I was lucky to spend some time in a beautiful part of North Wales and take some high-dynamic range (HDR) photographs shown on this web page. What you can see on your monitor is just a small portion of the luminance range of the original scenes. To explore the full range of light preserved in these pictures, move the slider below each photograph.
How is it different from thousands of photographs on Flickr and everywhere else? The contrast in these photographs is undistorted by any artificial (photographic) process, known as tone-mapping. We can expect that electronic displays in the future will be much brighter and able to show the full dynamic range of light captured in these photographs with almost no need for tone-mapping. What difference it is going to make? Almost as much difference as between looking at the printed photograph of a nice mountain scenery and seeing that scenery in real-world (perhaps through the window of your display).

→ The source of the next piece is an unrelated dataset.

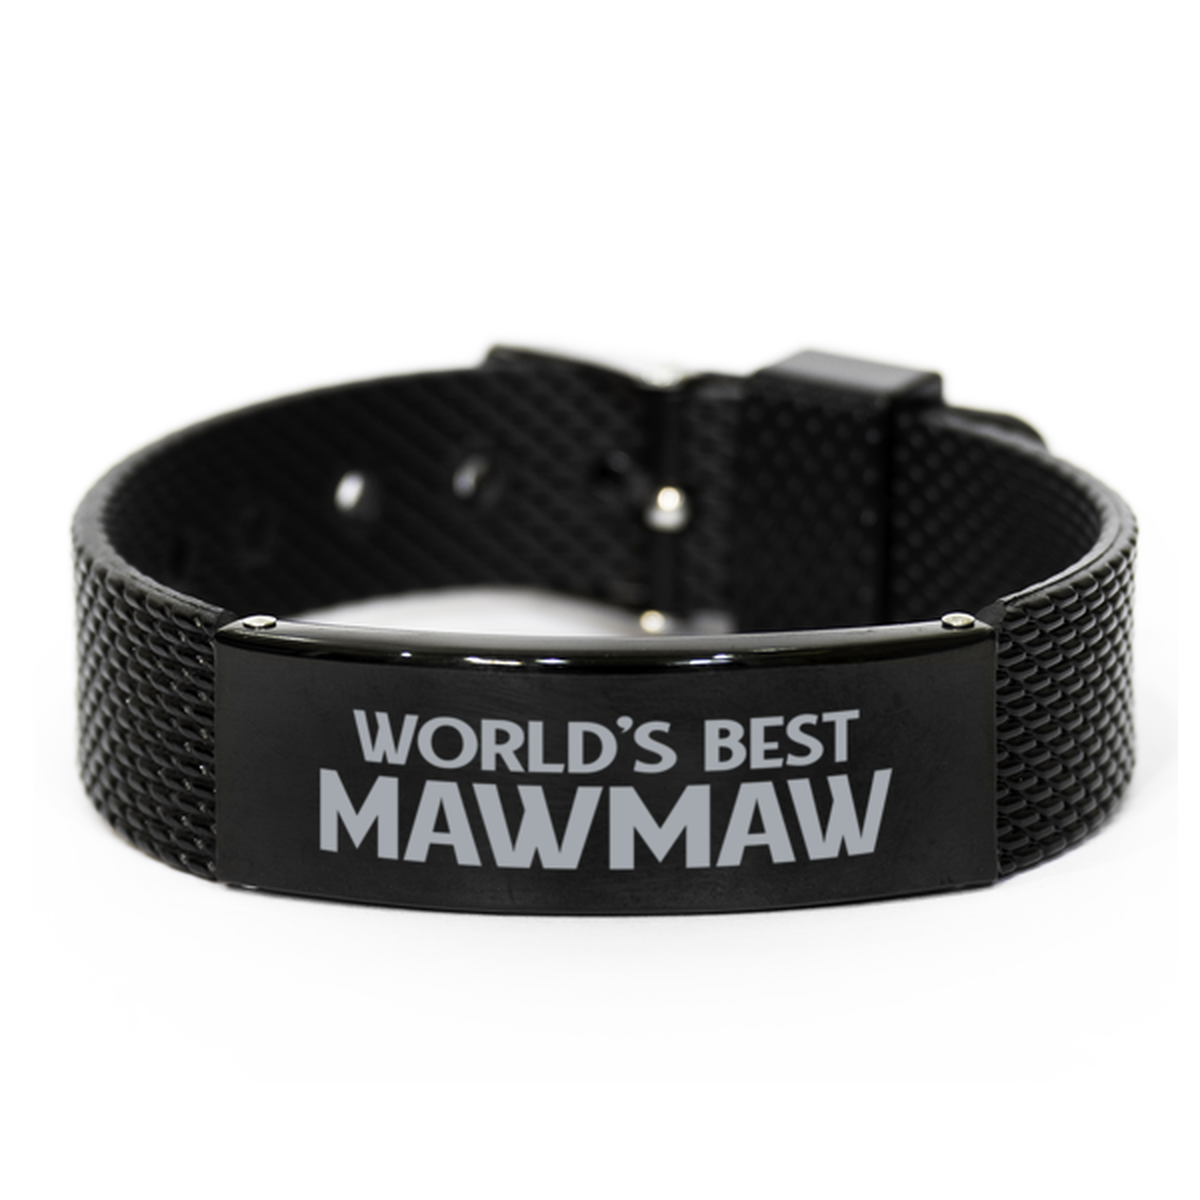 World's Best Mawmaw Gifts, Gag Engraved Bracelet For Mawmaw, Best Family Gifts For Women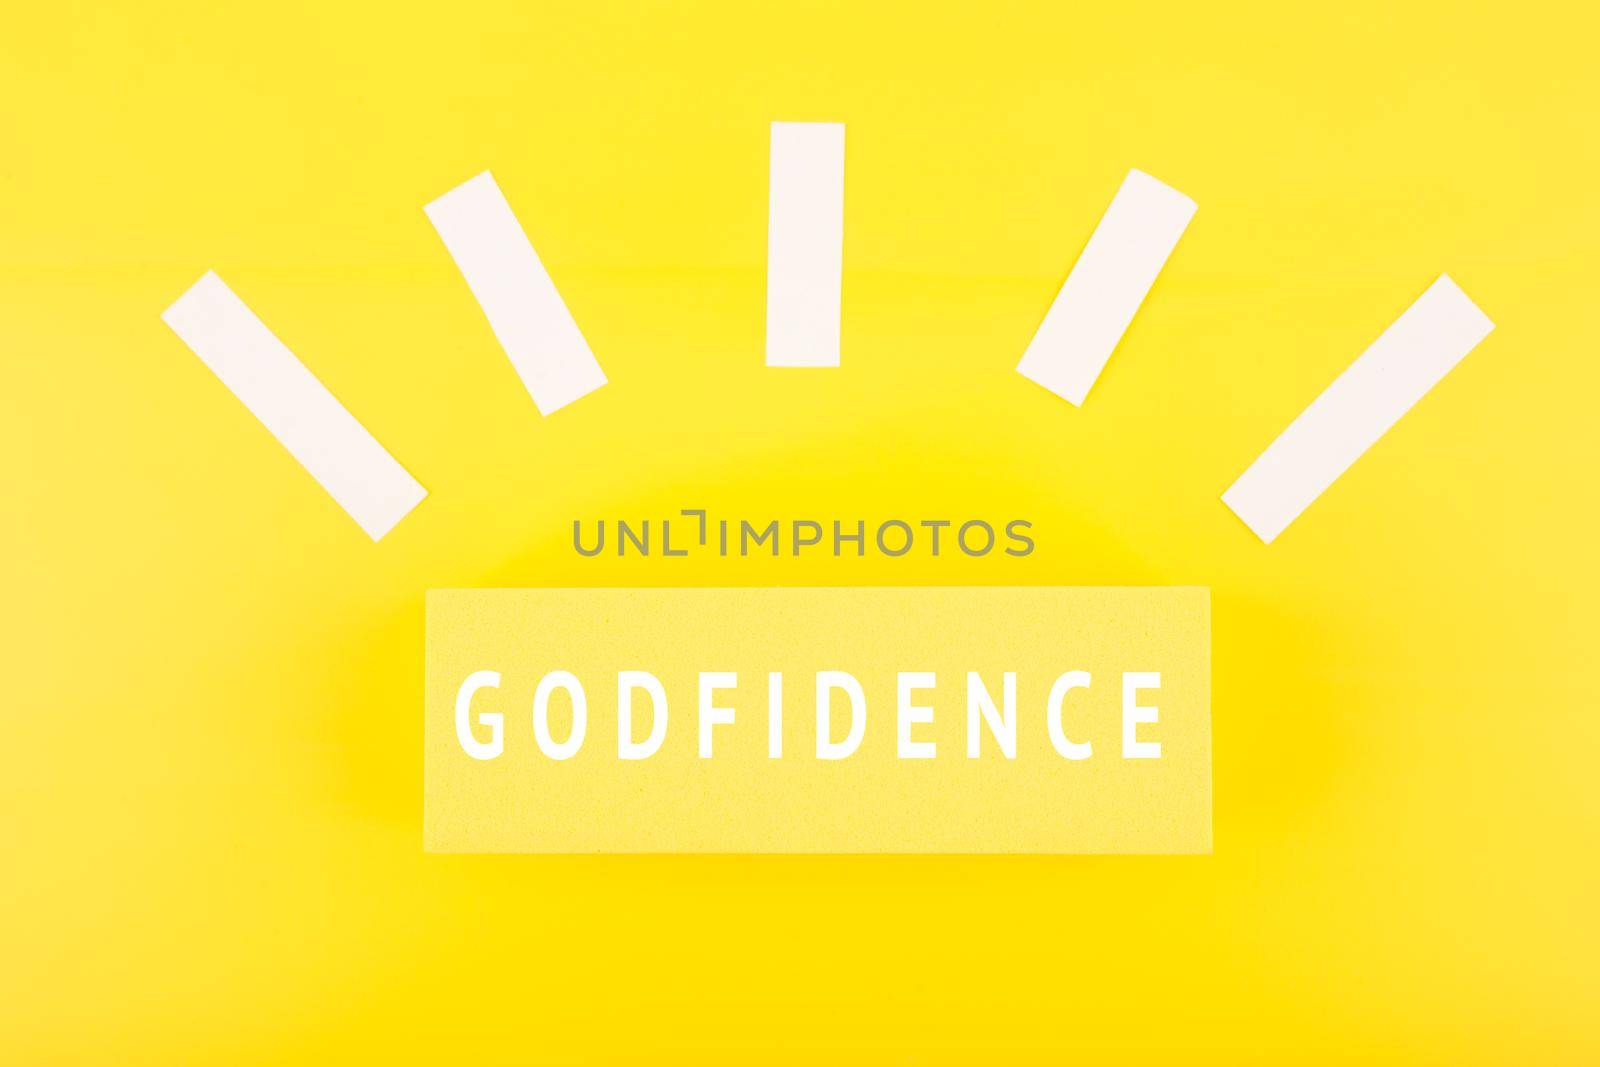 Godfidence single word against bright yellow background with rays of light made of paper. Modern biblical creative religious concept

When are we going to experience real-world lighting on displays? There is still a long way to go because imaging industry must make a major shift from an 8-bit display-referred era, which relies on photographic principles developed over 100 years ago. The current image and video formats preserve as much information as can be shown on the existing, very limited displays. The future media content should preserve at least as much information as the human eye can see. The research in my group explores the ways to preserve, process and display such real-world scenes in a visually optimal way.
This page is also meant to promote some of our research. You are able to see these photographs in your browser thanks to the HDR-HTML viewer, which can be generated by the free software (GPL) - pfstools. HDR-HTML relies entirely on HTML5 and no Flash is required (will work on iPad).
The panoramas were stitched with Hugin.